Bug 875035

Summary:

IO on nfs mount fails with " Input/output error " message when a distribute volume is changed to distribute-replicate volume

Product:

[Red Hat Storage] Red Hat Gluster Storage

Reporter:

spandura

Component:

glusterfs

Assignee:

shishir gowda <sgowda>

Status:

CLOSED DUPLICATE

QA Contact:

spandura

Severity:

high

Docs Contact:

Priority:

medium

Version:

2.0

CC:

amarts, jdarcy, nsathyan, redhat.bugs, rhs-bugs, shaines, vbellur

Target Milestone:

---

Target Release:

---

Hardware:

Unspecified

OS:

Unspecified

Whiteboard:

Fixed In Version:

Doc Type:

Bug Fix

Doc Text:

Story Points:

---

Clone Of:

Environment:

Last Closed:

2013-03-22 07:06:11 UTC

Type:

Bug

Regression:

---

Mount Type:

---

Documentation:

---

CRM:

Verified Versions:

Category:

---

oVirt Team:

---

RHEL 7.3 requirements from Atomic Host:

Cloudforms Team:

---

Target Upstream Version:

Embargoed:

Attachments:

Description	Flags
NFS Log	none

Description spandura 2012-11-09 11:49:38 UTC

Description of problem:
========================
When performed add-brick on a distribute volume with 2 bricks to change the volume to distribute-replicate volume (2x2) and subsequent rebalance volume operation,  the file operations on NFS mount  fails  with Input/output error.


Version-Release number of selected component (if applicable):
=============================================================
[11/09/12 - 06:38:37 root@king ~]# rpm -qa | grep gluster
glusterfs-fuse-3.3.0.5rhs-37.el6rhs.x86_64

[11/09/12 - 06:38:44 root@king ~]# gluster --version
glusterfs 3.3.0.5rhs built on Nov  8 2012 22:30:35


How reproducible:
=================
Often

Steps to Reproduce:
=====================
1.Create a distribute volume with 2 bricks.
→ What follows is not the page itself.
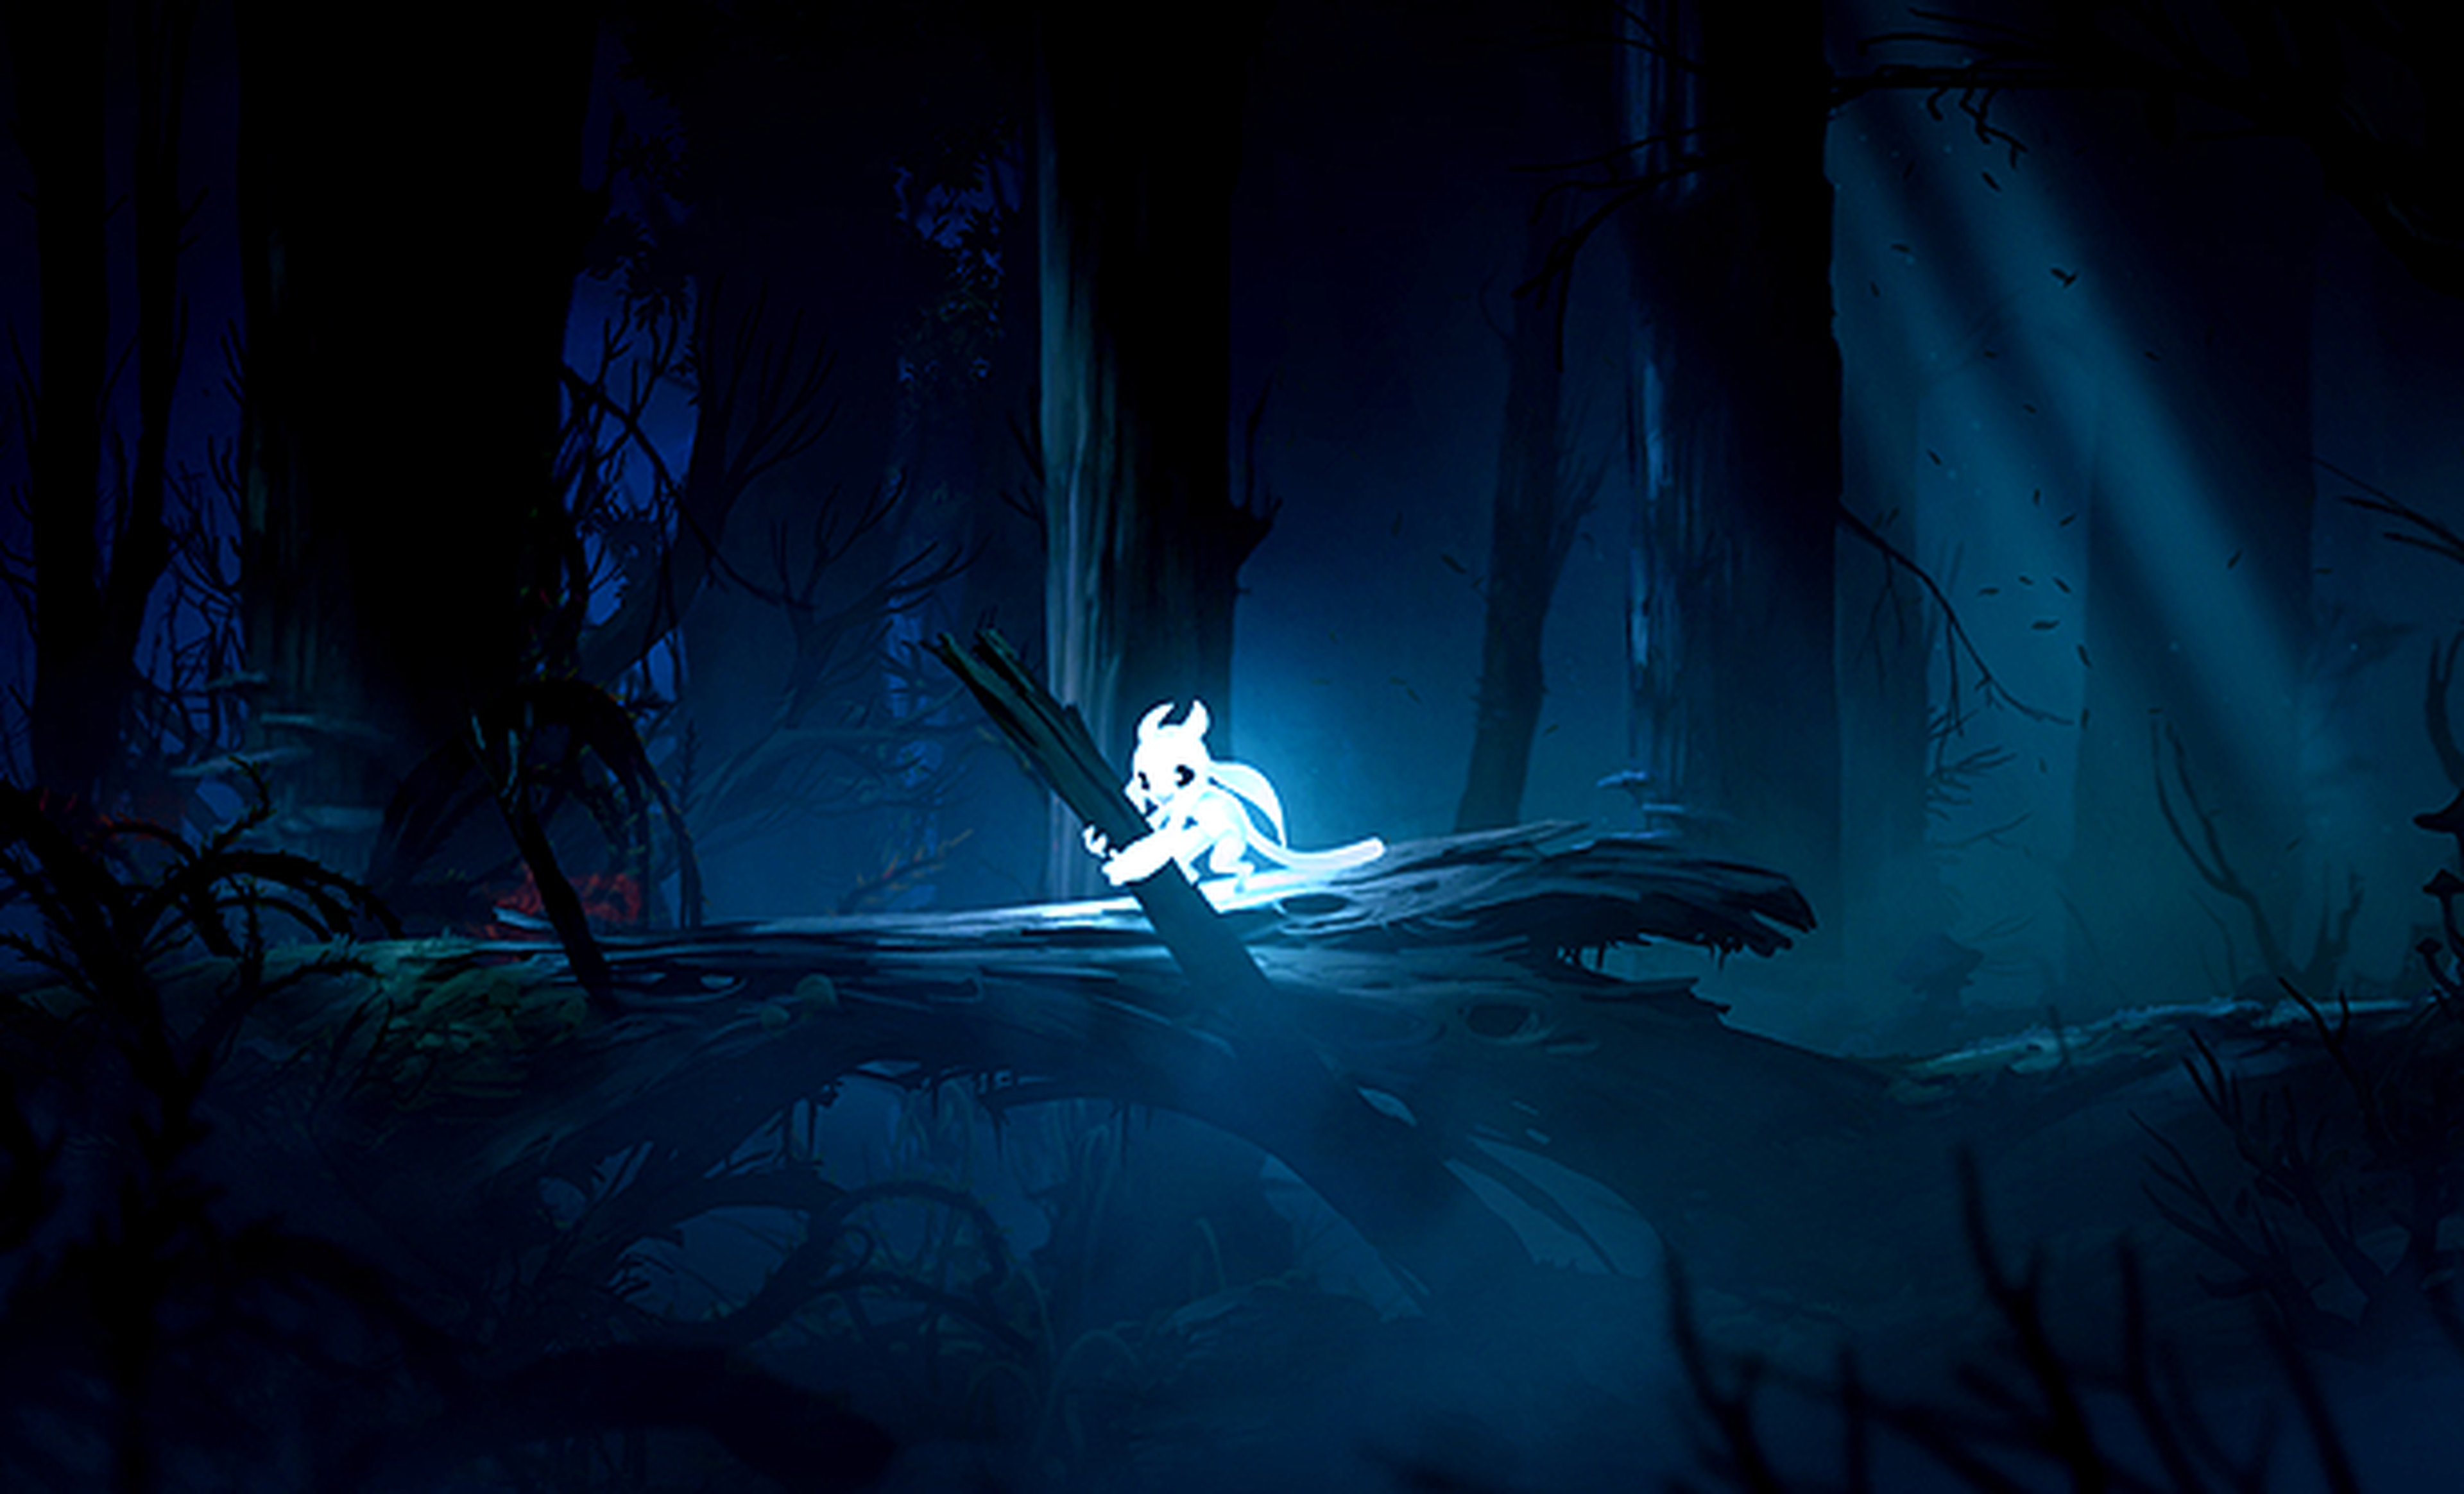 Análisis de Ori and the Blind Forest

Start the volume

2.create nfs and fuse mounts to volume on client machine

3.on fuse mount execute : mkdir testdir1 ; cd testdir1 ; for i in `seq 1 100`; do mkdir dir.$i ; for j in `seq 1 100`; do dd if=/dev/input_file of=dir.$i/file.$j bs=1k count=1024 ; done ; done

4. on nfs mount execute : mkdir testdir2; cd testdir2  ; for i in `seq 1 100`; do mkdir dir.$i ; for j in `seq 1 100`; do dd if=/dev/input_file of=dir.$i/file.$j bs=1k count=1024 ; done ; done

5. add brick to the distribute volume to make it distribute-replicate volume

6. perform rebalance. 
  
Actual results:
================
The dd on the NFS mount fails with "Input/output error"

NFS Log message for one of the failure:-
=======================================
[2012-11-09 05:53:34.869753] W [client3_1-fops.c:418:client3_1_open_cbk] 0-distribute-client-1: remote operation failed: No such file or directory. Path: <gfid:d06f37d2-327b-49b9-a926-efaac2c4d39e> (00000000-0000-0000-0000-000000000000)
[2012-11-09 05:53:34.869801] E [afr-self-heal-data.c:1311:afr_sh_data_open_cbk] 0-distribute-replicate-0: open of <gfid:d06f37d2-327b-49b9-a926-efaac2c4d39e> failed on child distribute-client-1 (No such file or directory)
[2012-11-09 05:53:34.869822] E [afr-self-heal-common.c:2160:afr_self_heal_completion_cbk] 0-distribute-replicate-0: background  meta-data data entry self-heal failed on <gfid:d06f37d2-327b-49b9-a926-efaac2c4d39e>
[2012-11-09 05:53:34.869850] E [nfs3-helpers.c:3603:nfs3_fh_resolve_inode_lookup_cbk] 0-nfs-nfsv3: Lookup failed: <gfid:d06f37d2-327b-49b9-a926-efaac2c4d39e>: Input/output error
[2012-11-09 05:53:34.869940] E [nfs3.c:2195:nfs3_write_resume] 0-nfs-nfsv3: Unable to resolve FH: (10.70.34.110:795) distribute : d06f37d2-327b-49b9-a926-efaac2c4d39e
[2012-11-09 05:53:34.869965] W [nfs3-helpers.c:3389:nfs3_log_common_res] 0-nfs-nfsv3: XID: fcb62144, WRITE: NFS: 5(I/O error), POSIX: 14(Bad address)


Expected results:
===================
dd on all the files should be successful

Comment 1 spandura 2012-11-09 11:50:30 UTC

Created attachment 641484 [details]
NFS Log

Comment 3 spandura 2012-11-09 13:15:11 UTC

This test case passed on the update2 build:

[11/09/12 - 07:31:30 root@king ~]# rpm -qa | grep gluster
glusterfs-server-3.3.0.2rhs-30.el6rhs.x86_64

Comment 5 Amar Tumballi 2012-11-12 05:26:33 UTC

seems to be an issue with self-heal not considered for entries as in this particular case, file was present only on one node, and on other node, it was not present.

Comment 6 Amar Tumballi 2012-11-20 05:30:01 UTC

pranith, assigning this to you, see if the issue is related to self-heal. If not re-assign it to me.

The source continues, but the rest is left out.